PROBLEM DETAILS >> Exactly as written, return all the data, leaving its pictures behind.

(GIVEN INFORMATION begins)

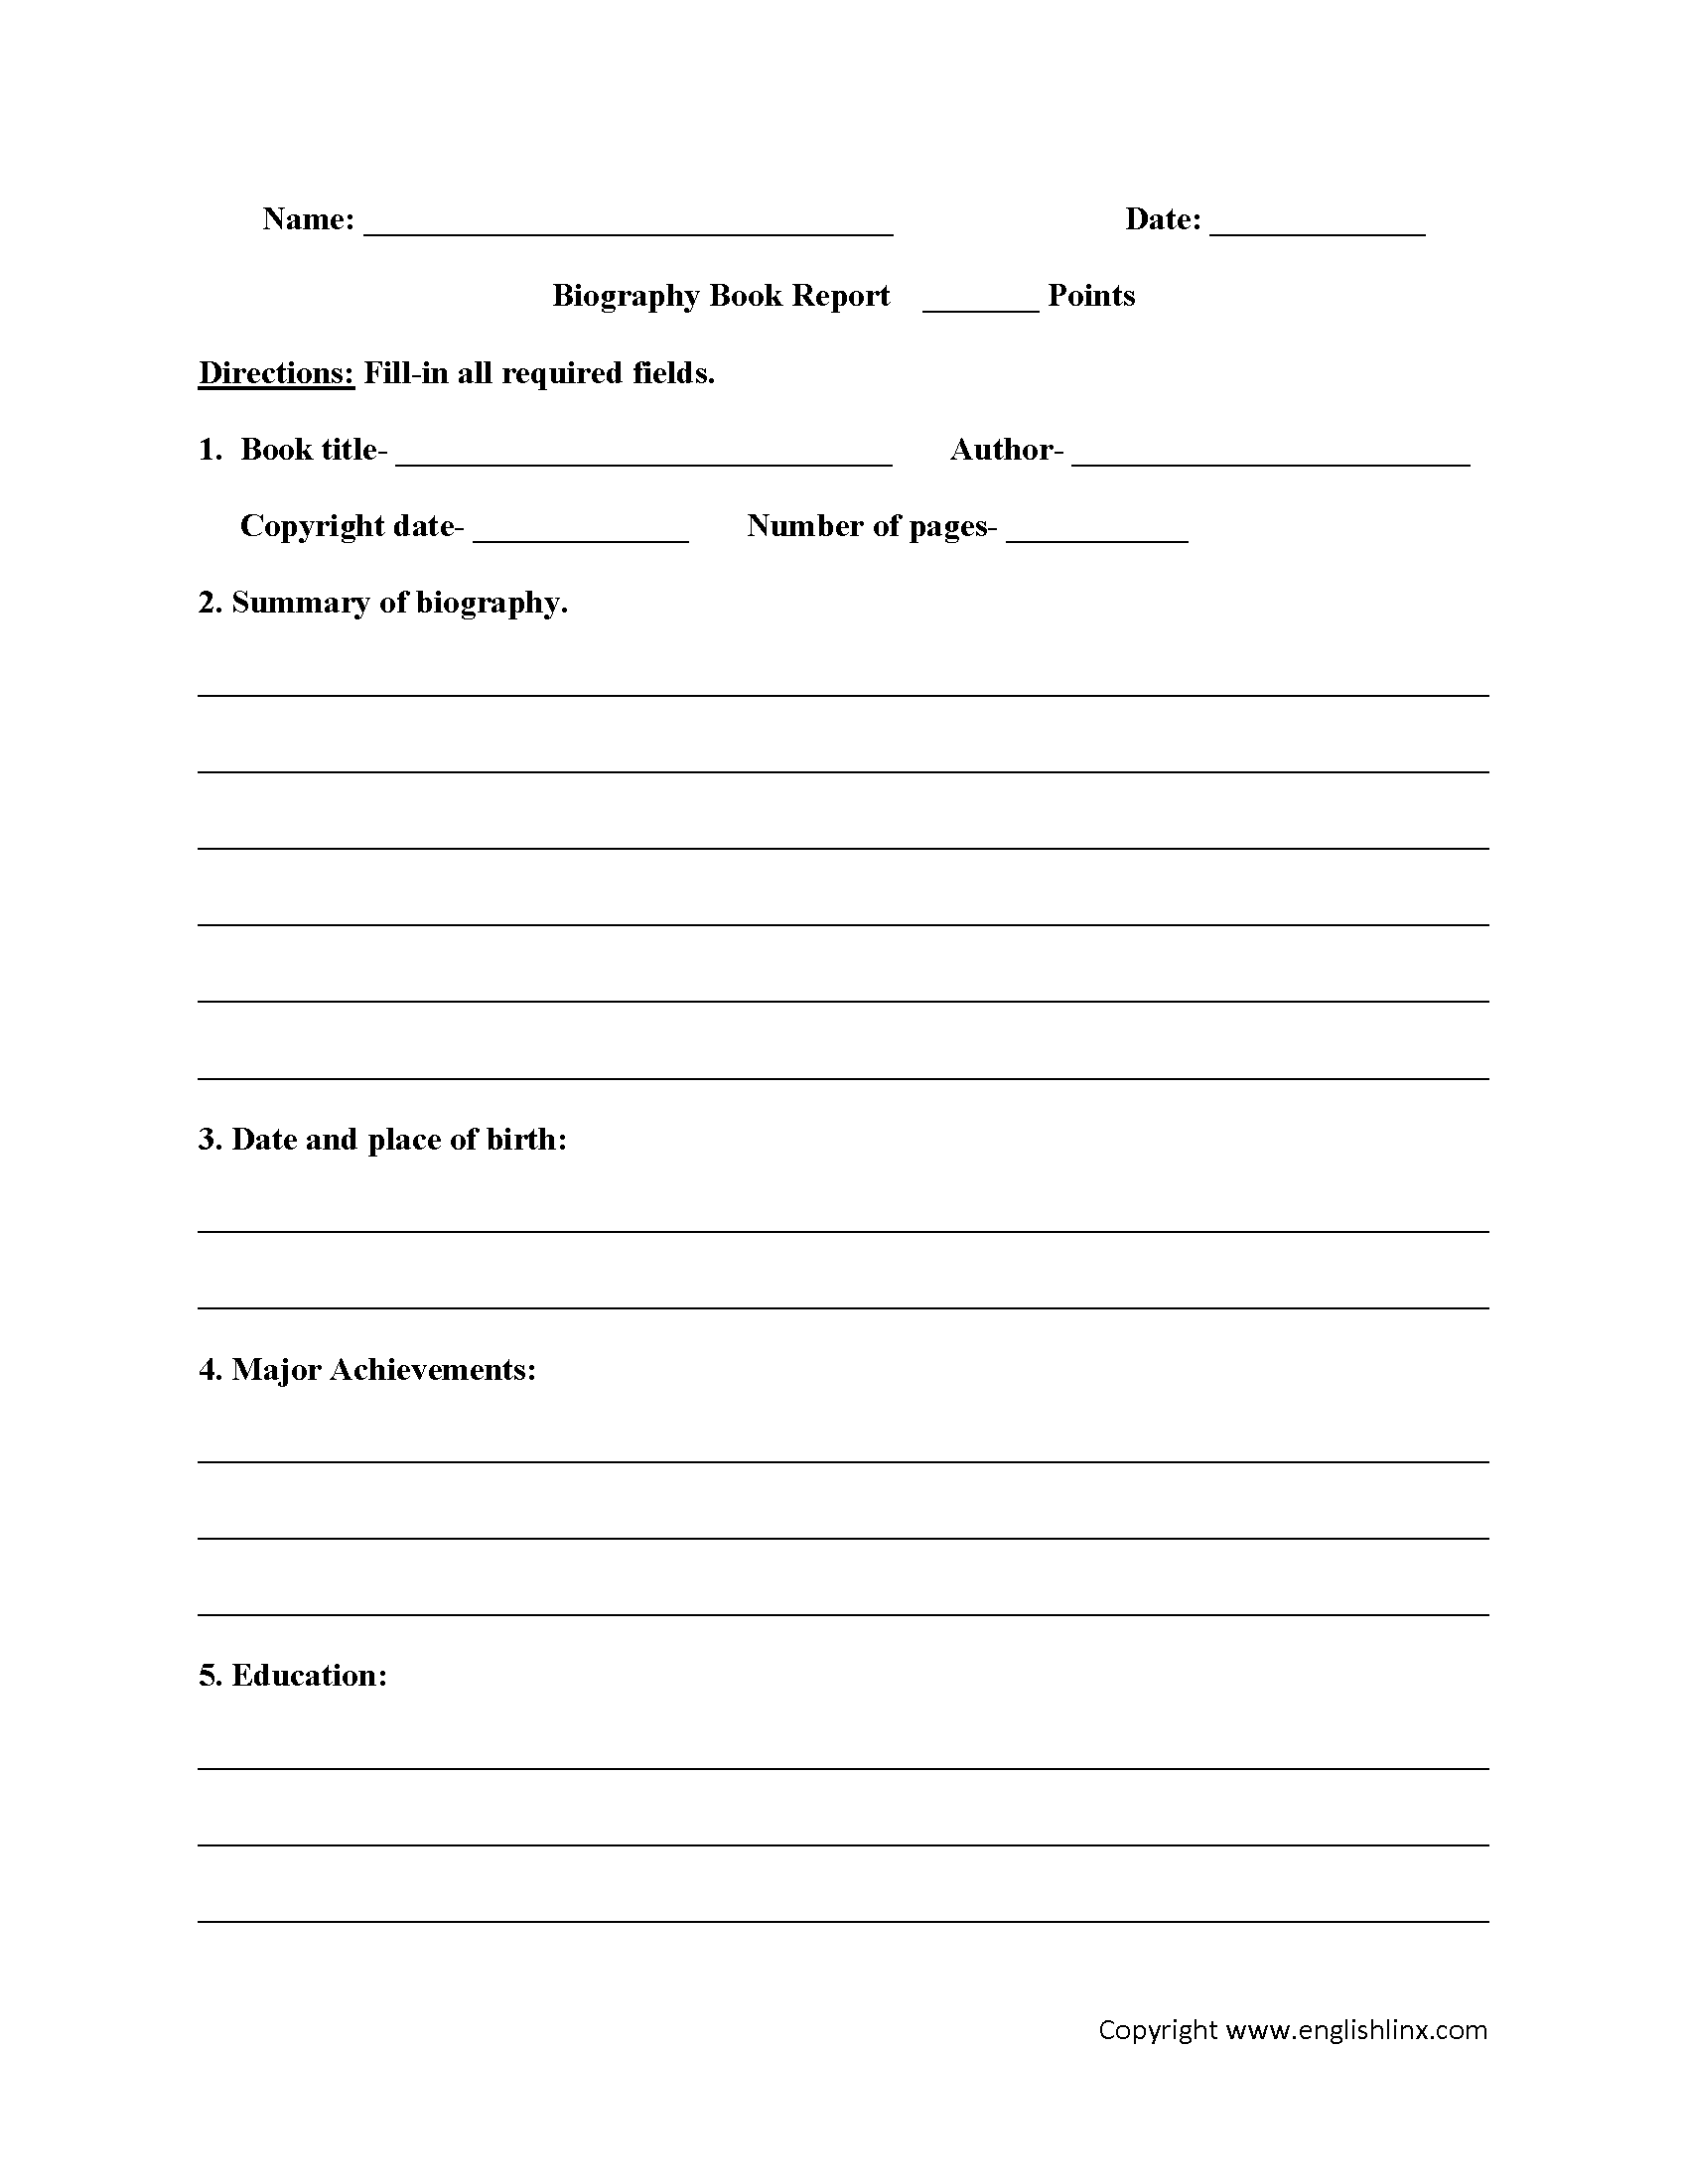 Biography Worksheet For 5th Grade
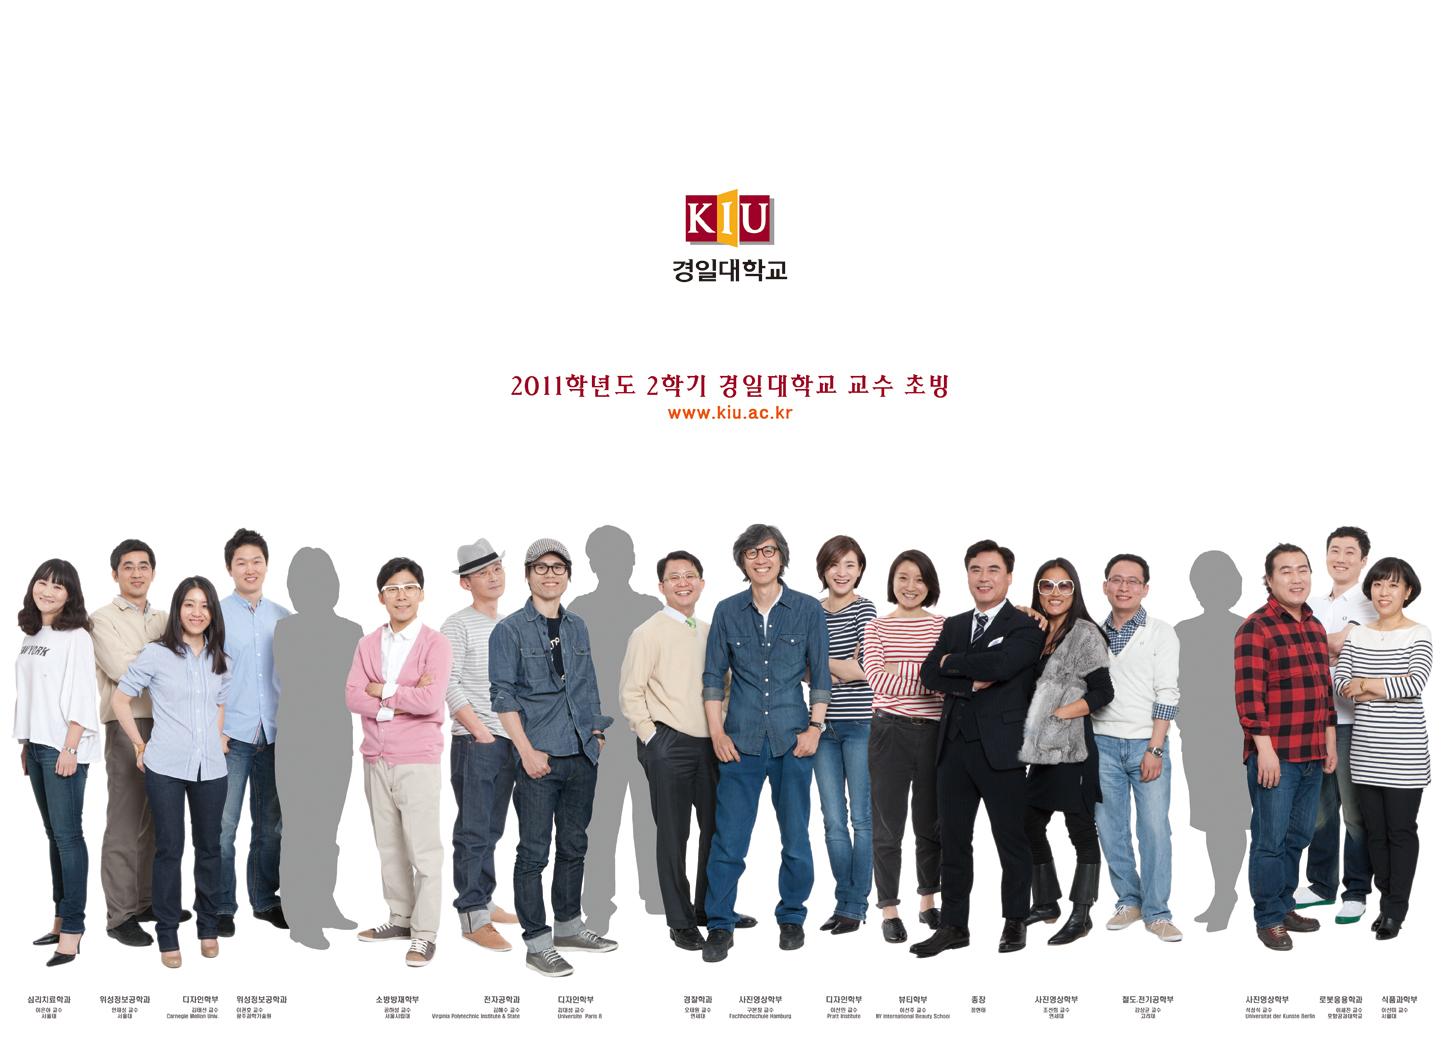 KIU 경일대학교 2011학년도 2학기 경일대학교 교수 초빙 www.kiu.ac.kr
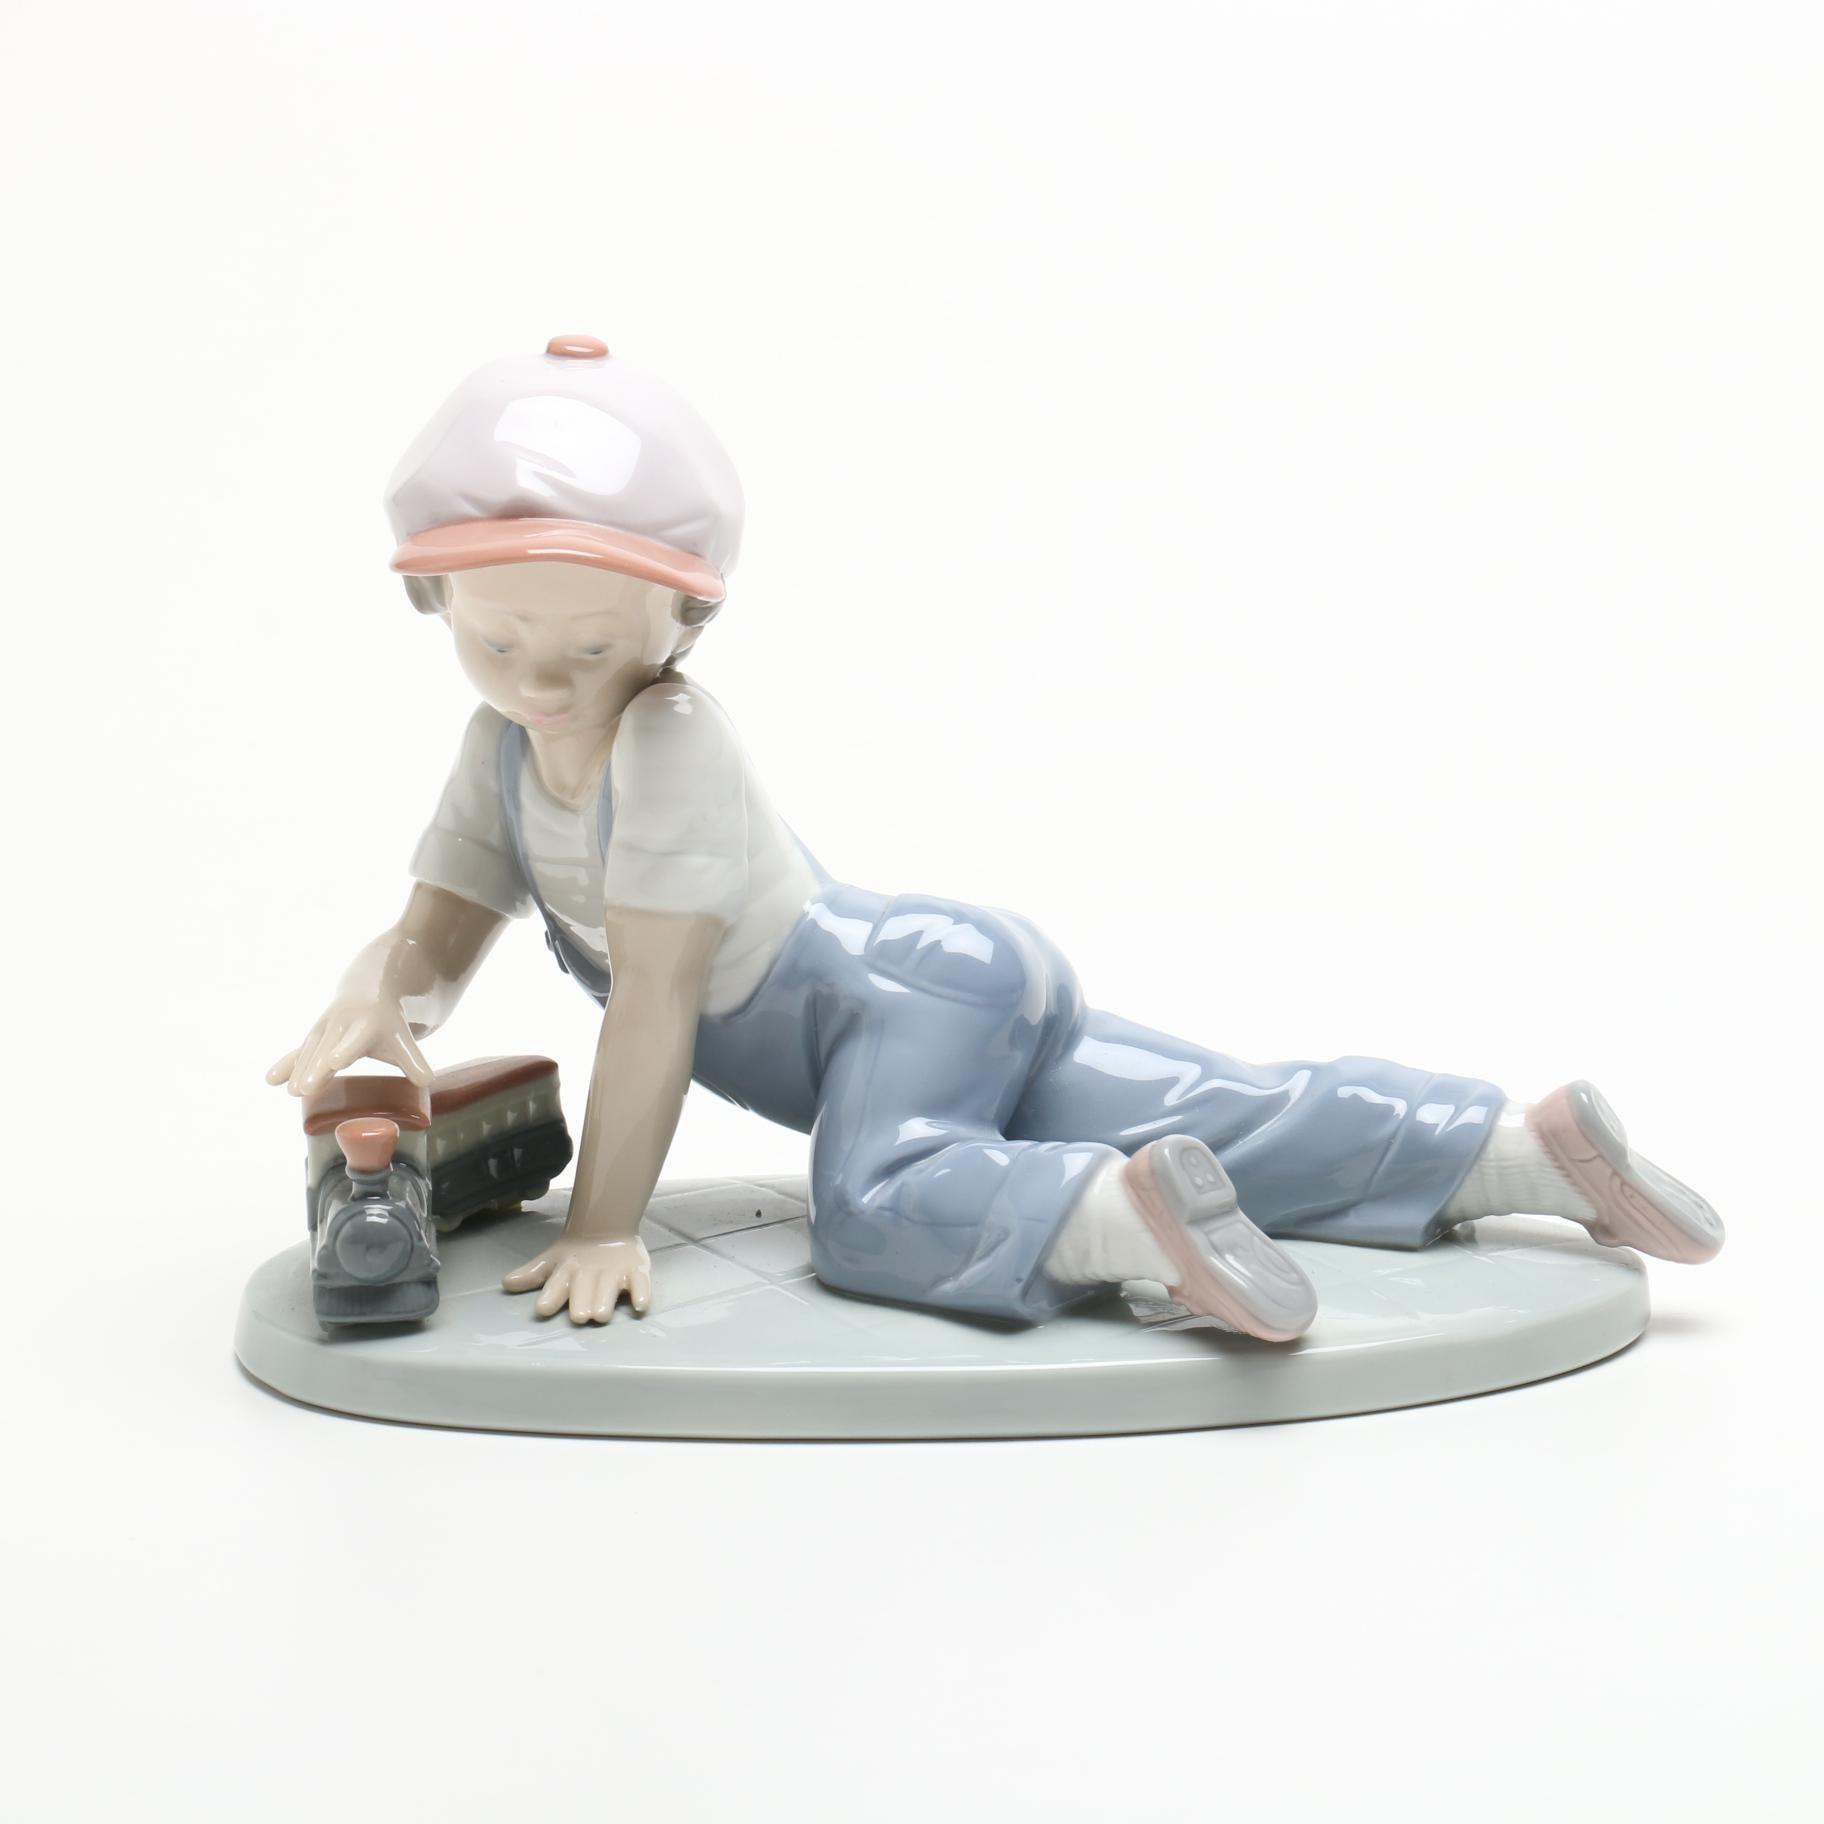 "1992 Lladró Collectors Society ""It Wasn't Me Figurine"" Porcelain Figurine"

(GIVEN INFORMATION ends)

TASK SOLUTION >>
 Biography Worksheet For 5th Grade
 KIU 경일대학교 2011학년도 2학기 경일대학교 교수 초빙 www.kiu.ac.kr
 "1992 Lladró Collectors Society ""It Wasn't Me Figurine"" Porcelain Figurine"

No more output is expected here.